Bohaterowie, a szczególnie Thibault, w ogóle są niezbyt rozgarnięci, co świadczy o ich „głębokich” przemyśleniach:
„Kanapa jest rozłożona, kołdra i poduszka wydają się całkiem wygodne. Robi to na mnie nawet większe wrażenie niż tamta laska, która mnie niedawno podrywała”*. Jeśli na facecie większe wrażenie robi wygodna poduszka (w czyimś mieszkaniu, nie w więzieniu) niż kobieta to musi być z nim coś nie tak. „Wizyta w szpitalu wiruje w mojej głowie niczym pranie w pralce”**. Po pierwsze porównanie jest średnio trafne, a po drugie wizyta w szpitalu nie może wirować w czyjejś głowie, a co najwyżej wrażenia z tej wizyty (tego też nie jestem pewna). „Zrobiła nam nawet zdjęcia zamiast nas obudziła. Mam je w telefonie. Starannie je przechowuję”***. Czy ktoś mi wytłumaczy jak się starannie przechowuje zdjęcia w telefonie? „Ordynator jest równie tępy i szorstki jak stalowy pręt z budowy”****. Bardzo obrazowe porównanie…
Podchodząc do tematu śpiączki autorka nie zadała sobie trudu, aby zrobić dobry research, co niestety widać. W momencie, kiedy powinny się pojawić jakieś medyczne objaśnienia, jak na przykład podczas obchodu lekarzy Elsa przestaje słuchać. Gdy Thibault chce się dowiedzieć o stanie zdrowia swojej nowej przyjaciółki wyjaśnienia w pewnym momencie się ucinają i są zastąpione jakimś nieistotnym wtrąceniem. Natomiast aparatura medyczna jest nazywana ustrojstwami i rurkami. Po książce, która głównie skupia się na śpiączce oczekiwałabym nieco więcej.
Odniosłam wrażenie, że Clelie Avit wdawała się w szczegóły w nieodpowiednich momentach. Na przykład wiem, że zarówno główny bohater, jak i jego przyjaciel nosili chusteczki (bo jeden jeździł do szpitala, a drugi miał małą córkę), ale nie wiem, gdzie pracował ten przyjaciel, ani na czym polegała praca samego Thibaulta, albo chociaż jego mamy.
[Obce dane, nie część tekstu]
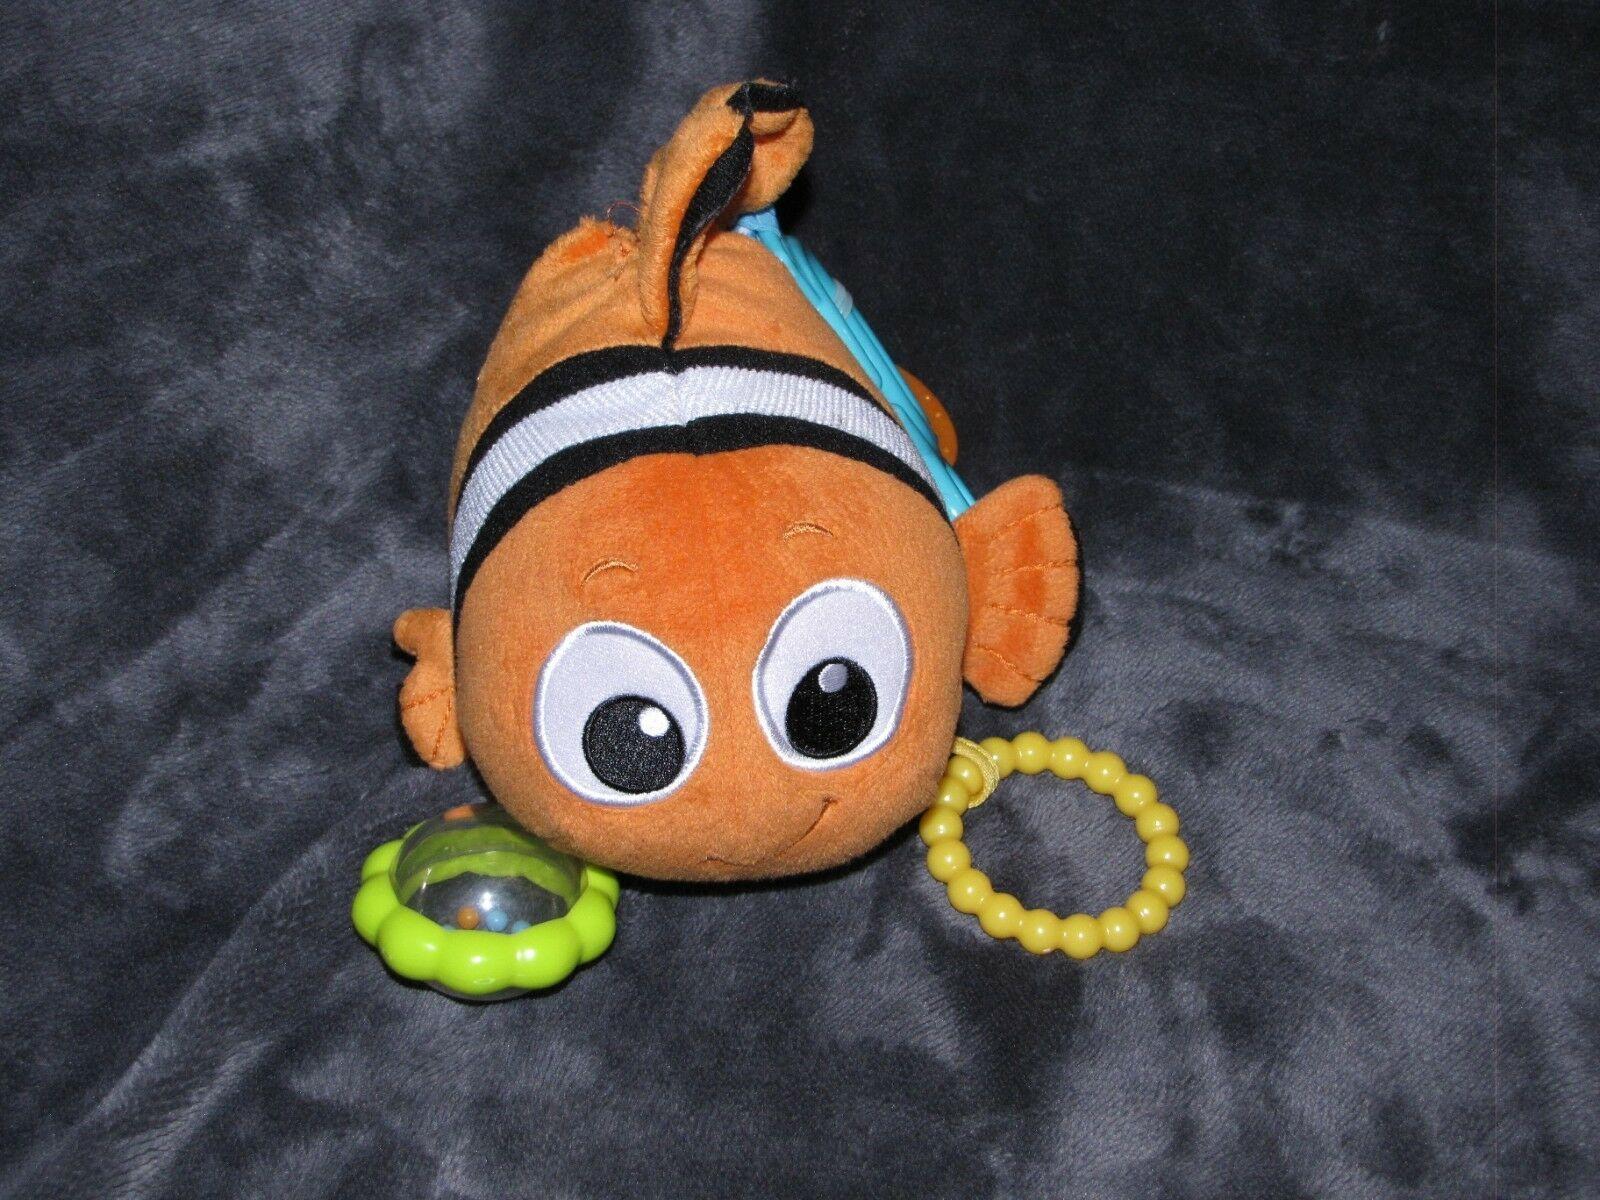 KIDS PREFERRED DISNEY BABY FINDING NEMO ORANGE CLOWNFISH CLOWN FISH RING TOY image 2

Nie wiem również, gdzie był jego ojciec, a o Elsie wiem tylko, że pracowała w branży górskiej. Autorka nawet nie stara się wyjaśnić na czym ta praca polegała, a przecież można byłoby to wpleść do monologów kobiety.
Mimo tylu błędów oraz niedociągnięć książki nie czytało się źle. Bardzo chciałam wiedzieć, w jaki sposób ta historia się zakończy i to najbardziej trzymało mnie w napięciu. Jeśli ktoś lubi niewymagające czytadła typu new adult to może śmiało sięgnąć po tę powieść, ale w przypadku, gdy oczekujecie ambitniejszej literatury „Wiem, że tu jesteś” nie będzie dla Was.
* Avit C., Wiem, że tu jesteś, Wydawnictwo Sonia Draga, Katowice 2016 r., str. 63. ** tamże, str. 65. ***tamże, str. 88. **** tamże, str. 180.
Moja ocena 4/10
Za możliwość przeczytania książki dziękuję Wydawnictwu Sonia Draga.